History repeats. Today we are experiencing a convergence of two comfortably familiar trends: 1) the availability of Linux-based open-source scale-up/scale-out software stacks that enables the use of low-end commodity drives and 2) the availability of commodity storage hardware and low-end NAS drives.
At the Johns Hopkins Bloomberg School of Public Health we have exploited these familiar trends to build the main file system for a cluster with life-science workflows. Our Lustre-over-ZFS file system has 1.2PB (usable) and was built for about $137/TB (usable). This corresponds to a cost of $0.0023/GB/month (if amortized over a 5 year lifetime). The cost of this high-performance file system compares very favorably to the cost of Amazon’s archival tier of storage (Glacier) which is currently ($0.007/GB).

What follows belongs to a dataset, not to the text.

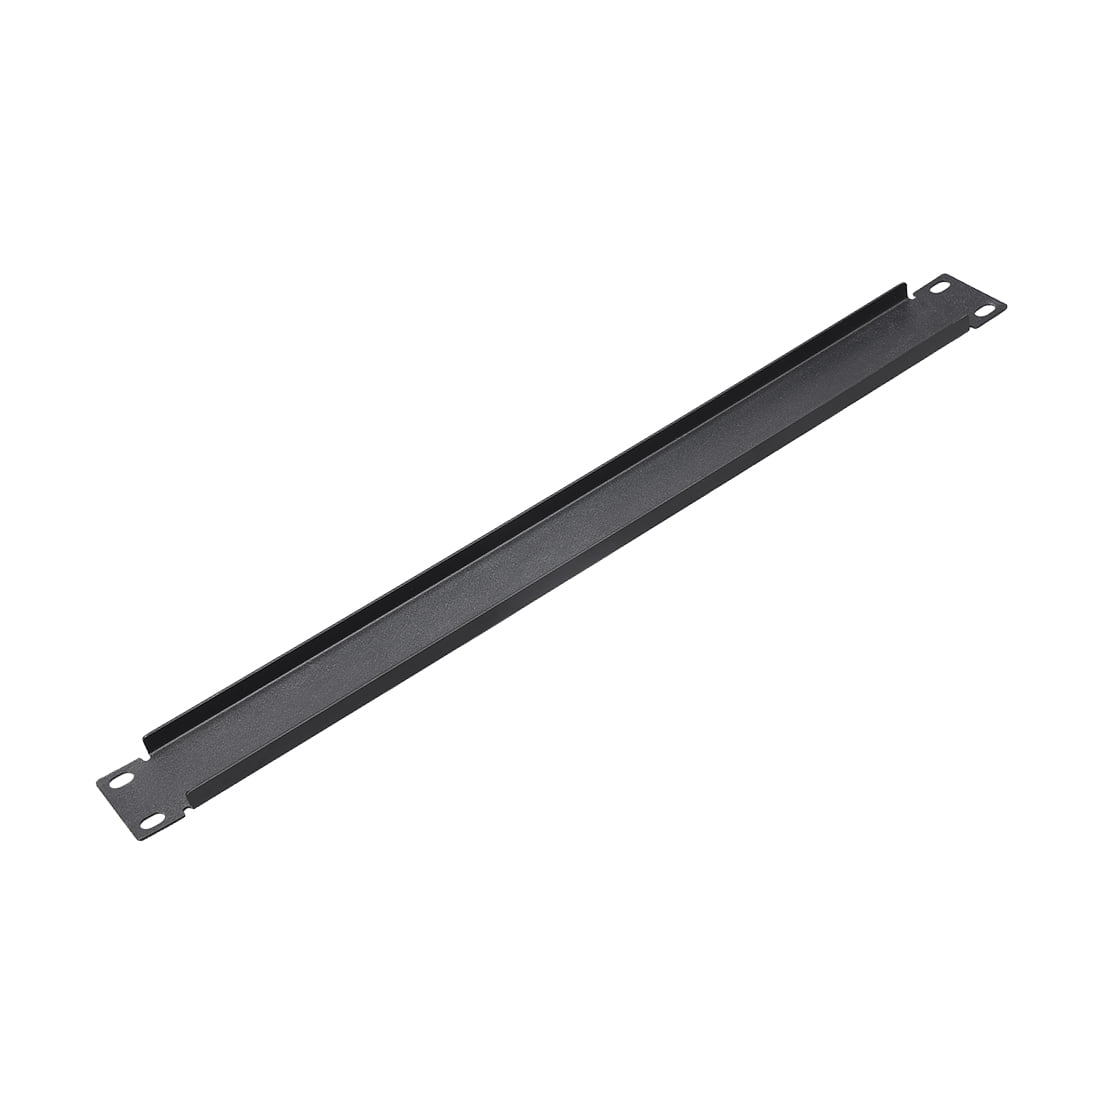 Jingchengmei 1U New Disassembled Blank Rack Mount Panel for 19-Inch Server Rack Enclosure or Network Cabinet Black

We and our corporate partners appreciate that few research-IT organizations currently possess the skills or expertise to exploit, let alone assess, an open-source/white-box scale-out storage strategy. Yet, our experience is that storage technology is no more mysterious or difficult than linux cluster technology. It is just different. Accordingly, the purpose of this workshop is to address this gap in knowledge, by providing an intensive and cutting-edge primer on Petabyte-scale storage systems with a focus on ZFS-on-linux and Luster-over-ZFS. The workshop is targeted to technical experts who want to learn how to build and manage their own systems.
We will present reference architectures, best practices, and discussions specific to Petabyte-scale open-source/commodity storage systems with a focus on the life sciences. We will describe production systems (including our own) as well as solutions with varying price points and levels of availability. Together with experts from BioTeam, Silicon Mechanics and Intel will make a deep dive into the devilish details.
In addition, we will describe business-models and financing strategies including: 1) Convincing PIs with NIH-R01s to collectively invest in an open-source/white-box storage system and 2) Applying for NIH-S10 and NSF-MRI grant funding. We expect that systems based on documented reference architectures with published performance and reliability data, together with best practices and administration tools, will help to establish credibility in the eyes of individual PIs or review panels from the NIH and NSF.
Workshop participants will take away the following:
- A broad perspective on the storage landscape in the life-sciences
- A perspective on open-source/white-box scale-out storage
- Hands-on experience with installation and basic administration of ZFS-on-Linux and Lustre-over-ZFS.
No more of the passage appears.